Film Tulang Belulang Tulang dinilai menarik karena mengangkat budaya lokal.

Rep: Ronggo Astungkoro/ Red: Friska Yolandha
Seorang warga Batak beraktivitas di depan rumah adat di Desa Lintong Ni Huta, Kecamatan Tampahan, Kabupaten Toba Samosir, Sumatera Utara, Rabu (11/3/2020). Salah satu skenario terpilih dari program Indonesiana Film yang difasilitasi Direktorat Jenderal Kebudayaan Kemendikbudristek dengan judul 'Tulang Belulang Tulang' berhasil menarik investor Adhya Pictures.
Foto: Antara/Septianda Perdana
Seorang warga Batak beraktivitas di depan rumah adat di Desa Lintong Ni Huta, Kecamatan Tampahan, Kabupaten Toba Samosir, Sumatera Utara, Rabu (11/3/2020). Salah satu skenario terpilih dari program Indonesiana Film yang difasilitasi Direktorat Jenderal Kebudayaan Kemendikbudristek dengan judul 'Tulang Belulang Tulang' berhasil menarik investor Adhya Pictures.

REPUBLIKA.CO.ID, JAKARTA -- Salah satu skenario terpilih dari program Indonesiana Film yang difasilitasi Direktorat Jenderal Kebudayaan Kemendikbudristek dengan judul 'Tulang Belulang Tulang' berhasil menarik investor Adhya Pictures. Tulang Belulang Tulang merupakan hasil inkubasi program Indonesiana Film 2021 yang diselenggarakan oleh Kemendikbudristek guna mendukung inisiatif-inisiatif masyarakat di bidang Kebudayaan termasuk bidang perfilman.

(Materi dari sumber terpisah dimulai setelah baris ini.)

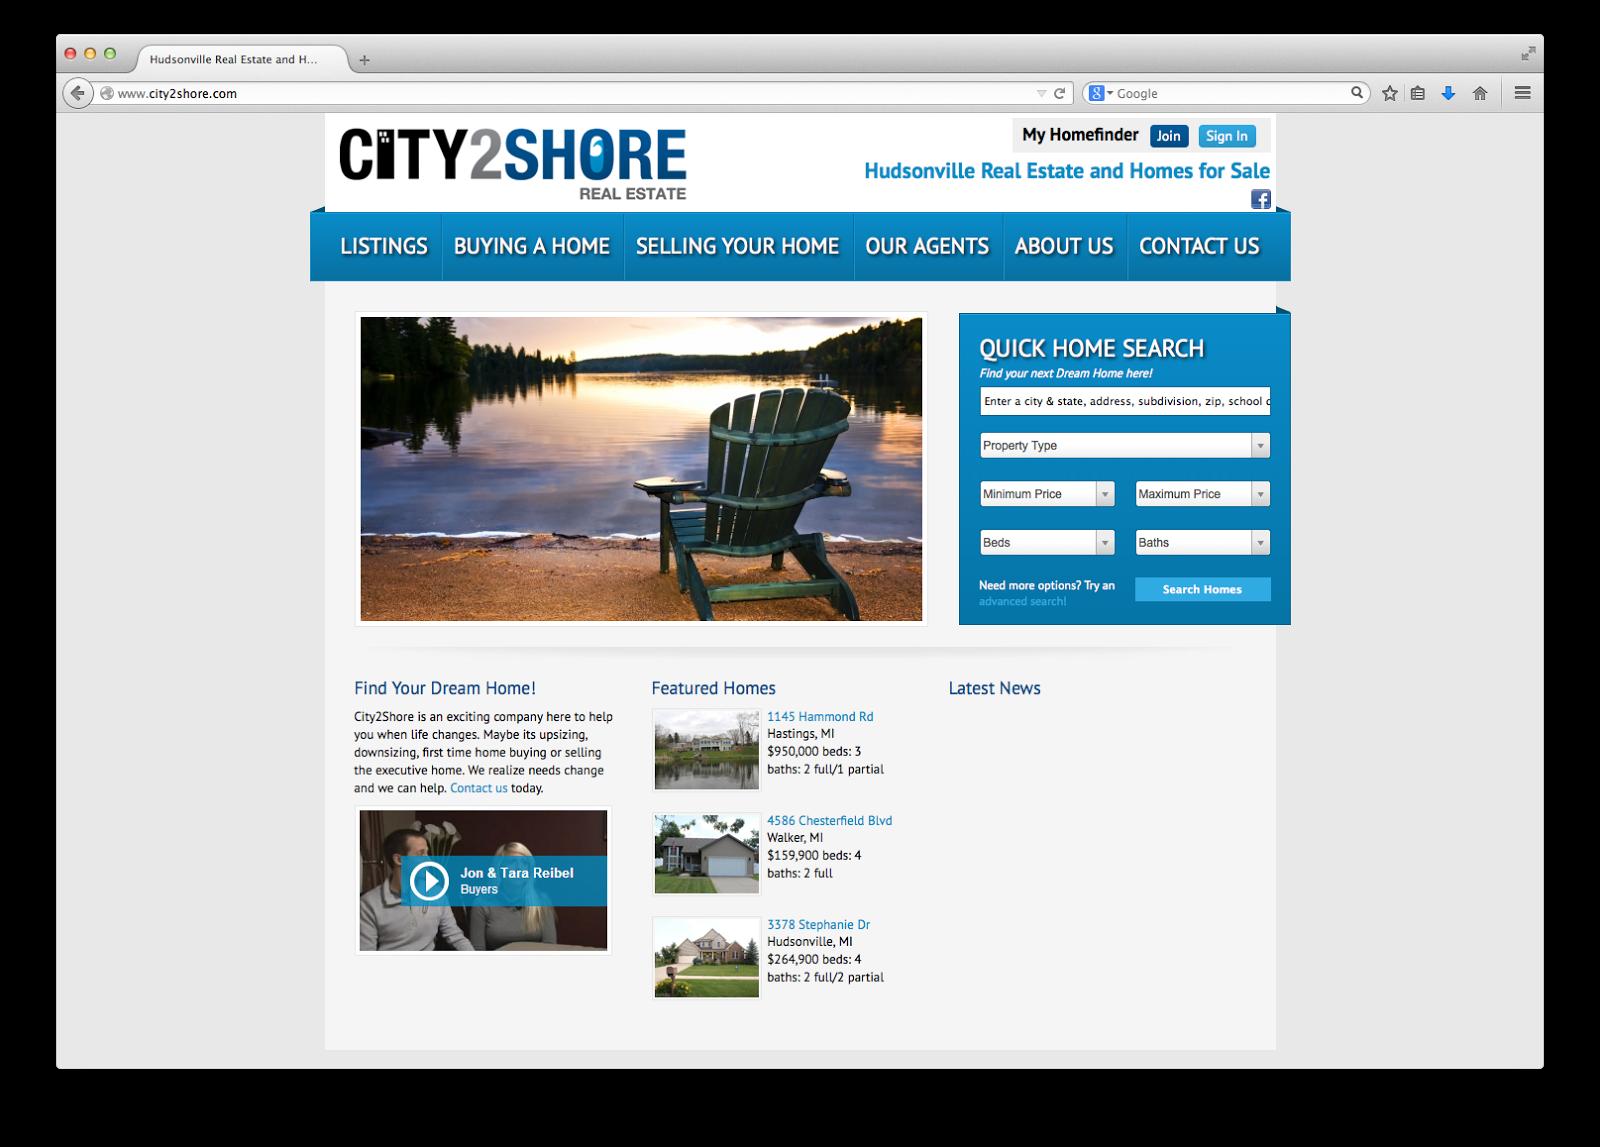 http://www.city2shore.com/
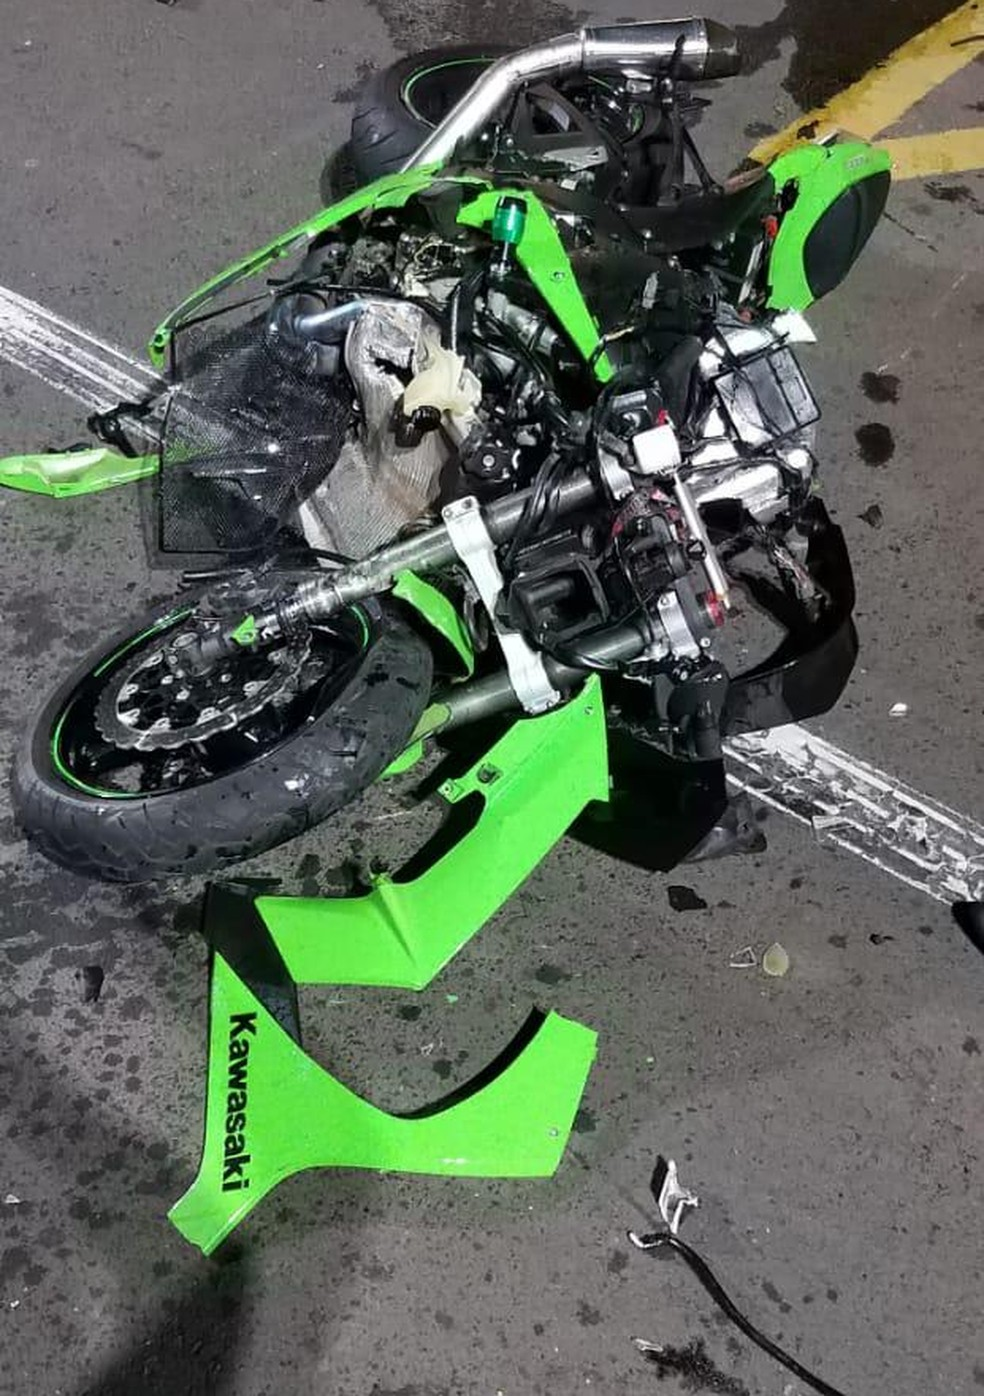 Motocicleta ficou destruída após bater em carro em Marília (SP) na noite desta sexta-feira (2) — Foto: Reprodução/ Redes Sociais

"Kita sangat mendukung dan bangga dengan rencana produksi film ini. Saat ini, isu dan nilai kearifan lokal menjadi daya tarik yang tidak habisnya untuk diangkat menjadi sebuah film. Kekhasan dan kedekatan terhadap nilai-nilai yang hidup di masyarakat membuat film menjadi lebih berwarna, menarik, dan memberikan pengalaman yang unik bagi penonton," ujar Direktur Jenderal Kebudayaan Kemendikbudristek, Hilmar Farid, Rabu (8/3/2023).

Baca Juga

Hilmar mengatakan, Indonesiana Film dimulai dengan program lokakarya untuk mengembangkan kapasitas penulisan skenario dan produksi film bagi para produser, penulis skenario, dan sutradara. Semua diselenggarakan oleh Direktorat Perfilman, Musik dan Media Direktorat Jenderal Kebudayaan Kemendikbudristek.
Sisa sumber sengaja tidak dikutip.